By The Numbers: The Worst Golfers On Tour
It’s not the way you’d like to get on any ‘leaderboard’…the shortest hitter, or the worst putter or maybe the worst bunker player on tour.
Still somebody has to be at the tail of the field in all the statistics which are so vital for Tour records these days.
Aaron Baddeley (Credit: Anthony Powter)
And there are some incredibly impressive names among these records in the past year with Aaron Baddeley up there beside major winners like David Toms, Lucas Glover as well as well-known players like Heath Slocum and Charlie Beljan.

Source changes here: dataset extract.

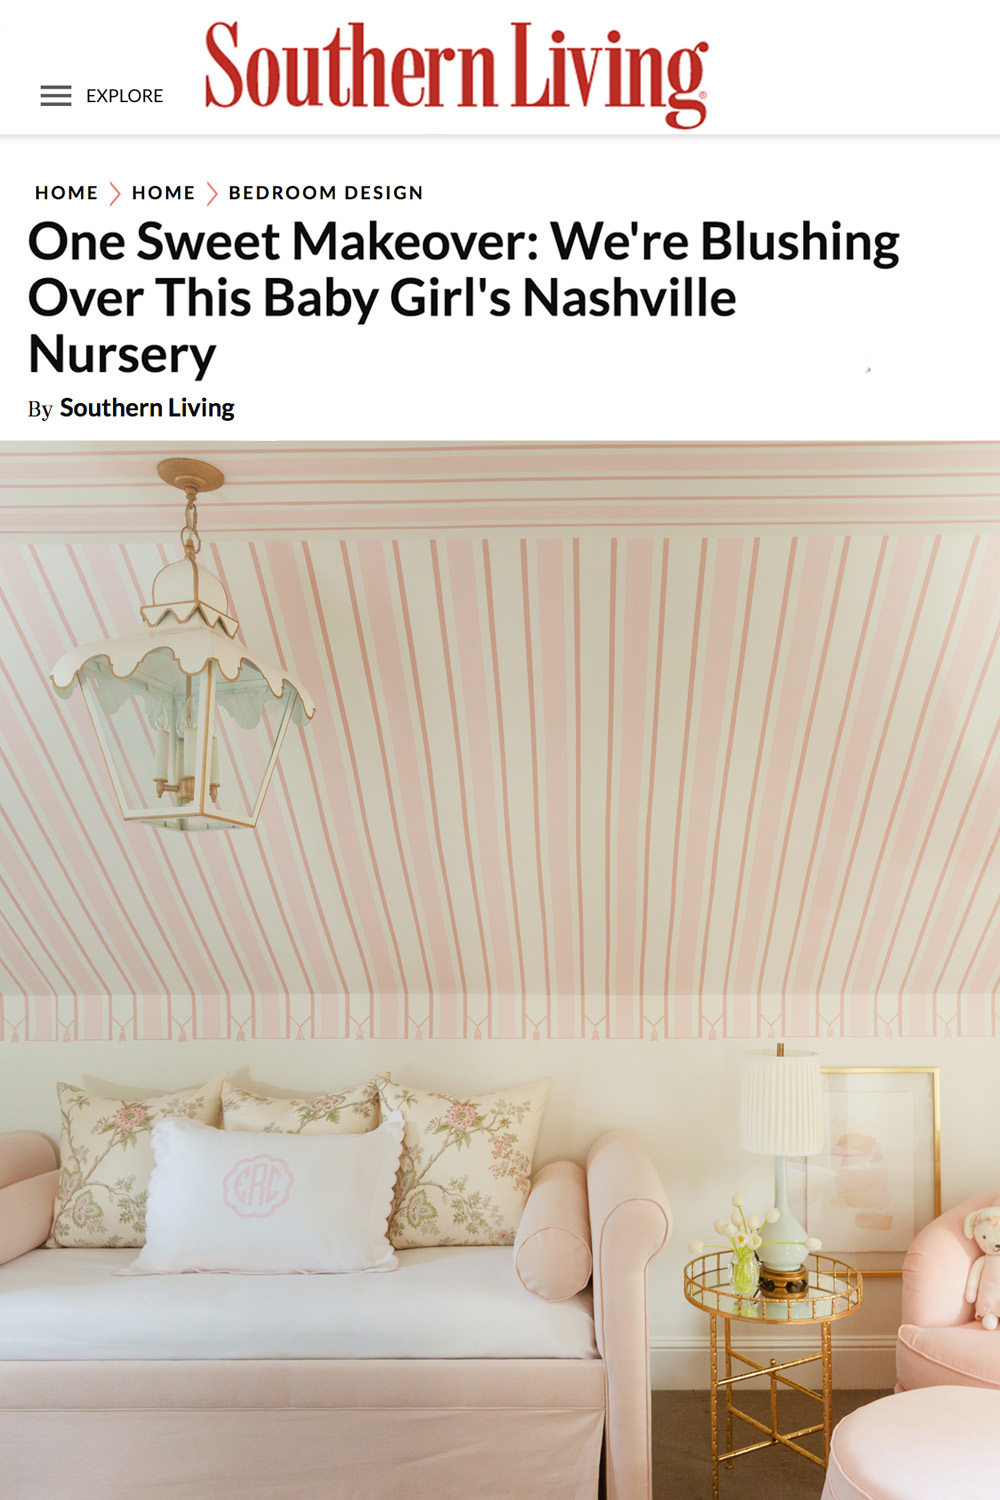 leslee-mitchell-southern-living.jpg

Long-hitters draw massive crowds on the US Tour and Dustin Johnson tops that table as the biggest bomber on tour, averaging 317.7 yards (290.5m) per drive for 2014-15.

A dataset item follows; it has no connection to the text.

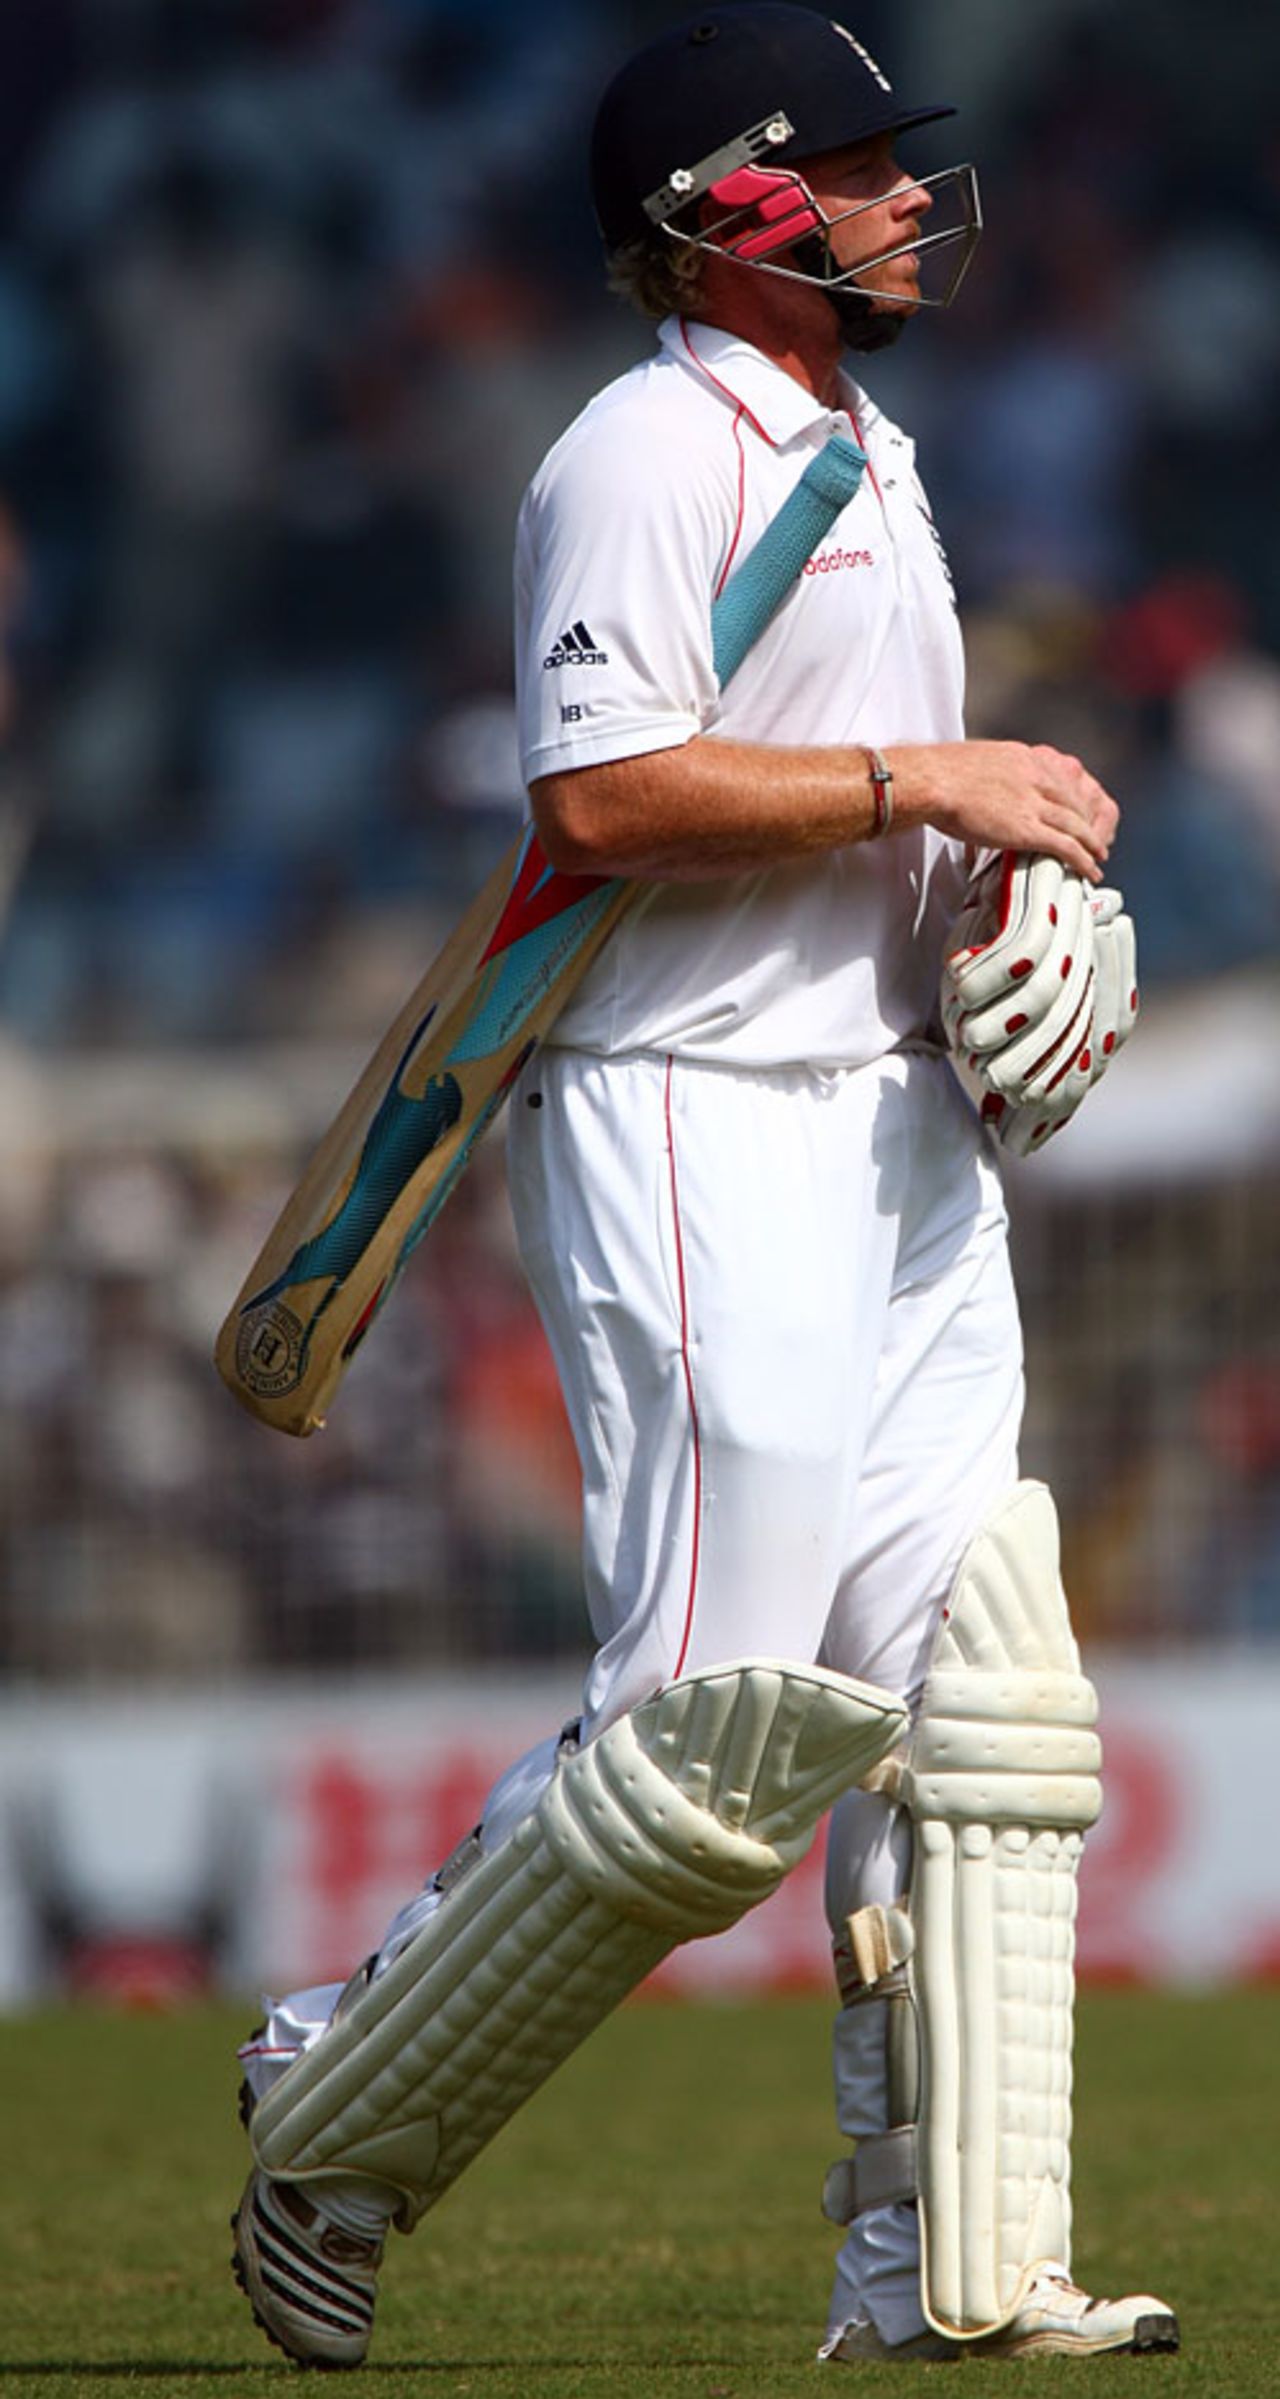 Ian Bell heads back after being caught off Amit Mishra for 7, India v England, 1st Test, Chennai, 3rd day, December 13, 2008

At the other end of that table lies former US PGA champion David Toms with the dubious honour of being the shortest hitter on tour at 270 yards (246m), just ahead of the second-shortest hitter Ben Crane, who was a full yard better than Toms.
While Italian Francesco Molinari is regarded as the “king” of driving accuracy, hitting more fairways than anyone, at the other end of that scale is our own Aaron Baddeley who actually led the tour in strokes gained: putting but was listed as its least-accurate driver, hitting a mere 50.29 per cent of fairways in 2014-15.

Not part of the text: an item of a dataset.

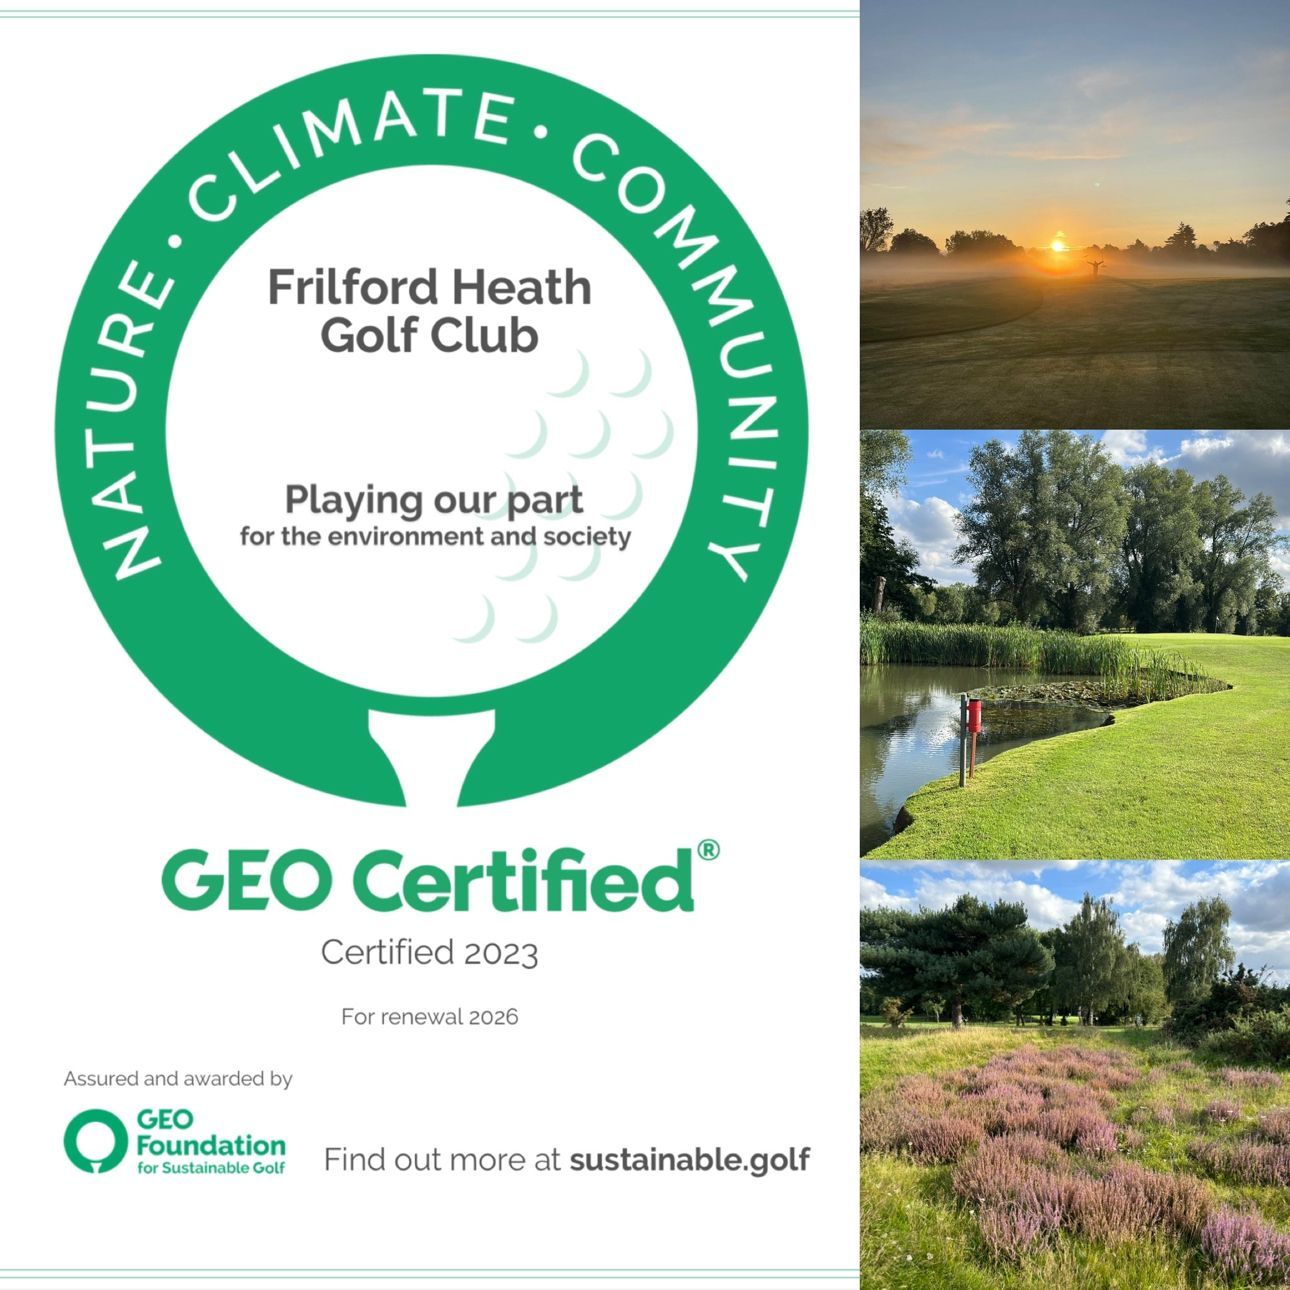 Frilford Heath Golf Club Recognised For Environmental Excellence With Prestigious GEO Certification Award

While Swede Henrik Stenson led the PGA Tour in greens in regulation at 73.52 per cent, the man regarded as the best scrambler on tour at 66.18 per cent was Chad Collins while Charlie Beljan is way, way back at the bottom on 60 per cent.
Former US Open champion Lucas Glover is regarded as one of the Tour’s worst putters, losing 1.352 strokes to the field per round for the 2014-2015 season, just ahead of Jim Renner.
Yet Glover was able to tally six top-25 finishes for the season.
It’s probably to be expected that the two best scoring averages on the PGA Tour were Jordan Spieth (68.93 strokes per round) and Jason Day (69.16).
The worst was Canadian Roger Sloan who averaged 72.53 in the 56 rounds while Heath Slocum lost an average of 1.755 strokes to the field when he teed it up.
It’s probably a tribute to their guts and determination that some of these guys can ever contend in any events – let alone win while carrying the tag of “worst on tour” in any category.